# Icefishing



## cavedude (Oct 20, 2006)

I know that icefishing is officially over but I thought I would give everyone the gratification of seeing the topic flag lit up  
Has everyone broke out the open water fishing gear yet?


----------



## averyghg (Oct 16, 2006)

i was out in MN for the weekend, and there's still ice on the big lakes. I guess my uncle saw a couple of people walking out on Rush lake still this weekend in search of some LATE-ice fish......You sure as h3ll wouldn't catch me out there! :-?


----------



## blhunter3 (May 5, 2007)

There are still fourwheelers out on Battle Lake.
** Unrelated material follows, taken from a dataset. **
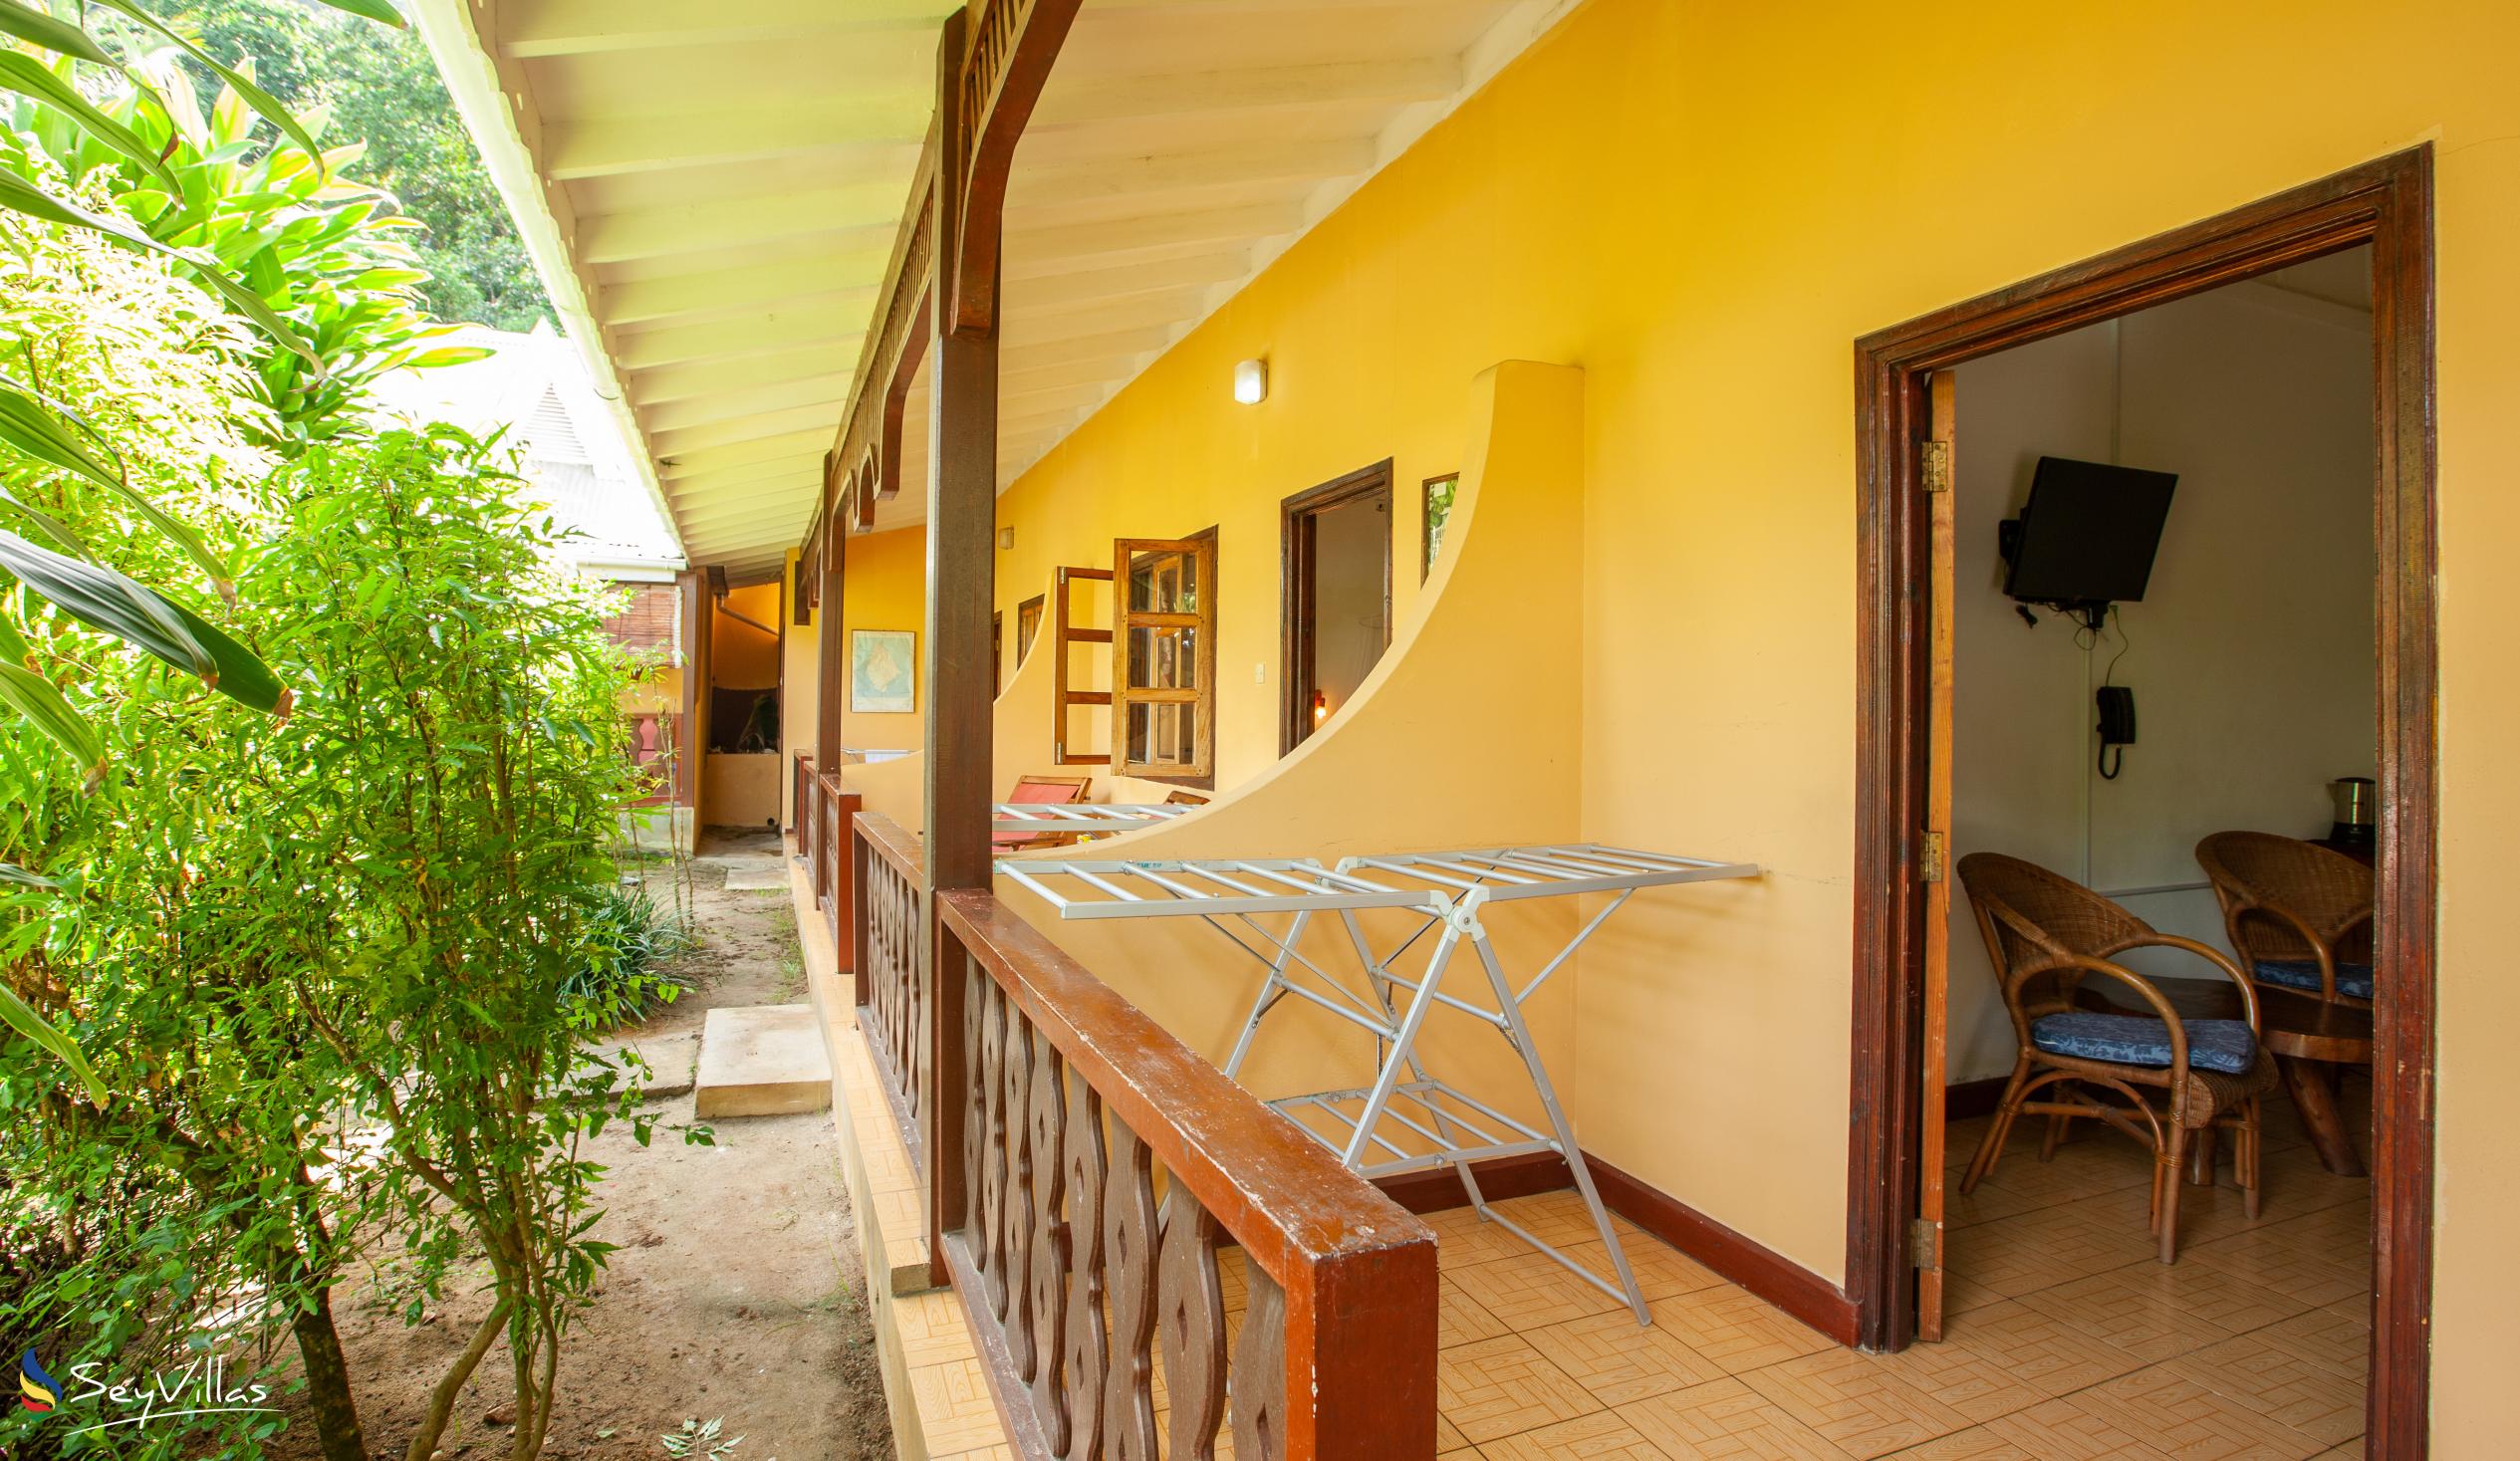 Photo 61: Bernique Guesthouse - Standard Room - La Digue (Seychelles)

This will be the first year that we will be in the field before the ice goes on the lakes, according to my bosses parents. (there are live long residents and are in their late 70's). I better knock on wood.


----------



## honkerslayr (Dec 14, 2006)

I've broken out the long poles on the red here in grand forks. But have been unsuccessfull, still learning to fish the river in the early months. But there are fish to be caught, it's a nice change of pace to be on open water, but I still love ice fishing. :beer:


----------



## MallardMayhem21 (Mar 8, 2006)

This week I am going to sort through the tackle box, put new line on the reels, maybe even get the boat out and check things over!! Cant wait to hit the water. :beer:


----------



## BeekBuster (Jul 22, 2007)

Been to the river once, and nothing.. As for walleyes cant wait, going to mille lacs to join the circus on opener!


----------



## nodakoutdoors.com (Feb 27, 2002)

Finally been finding time to hit the water the past week and a half, been pretty good. We've had solid open water fishing since February, just haven't found the time.


----------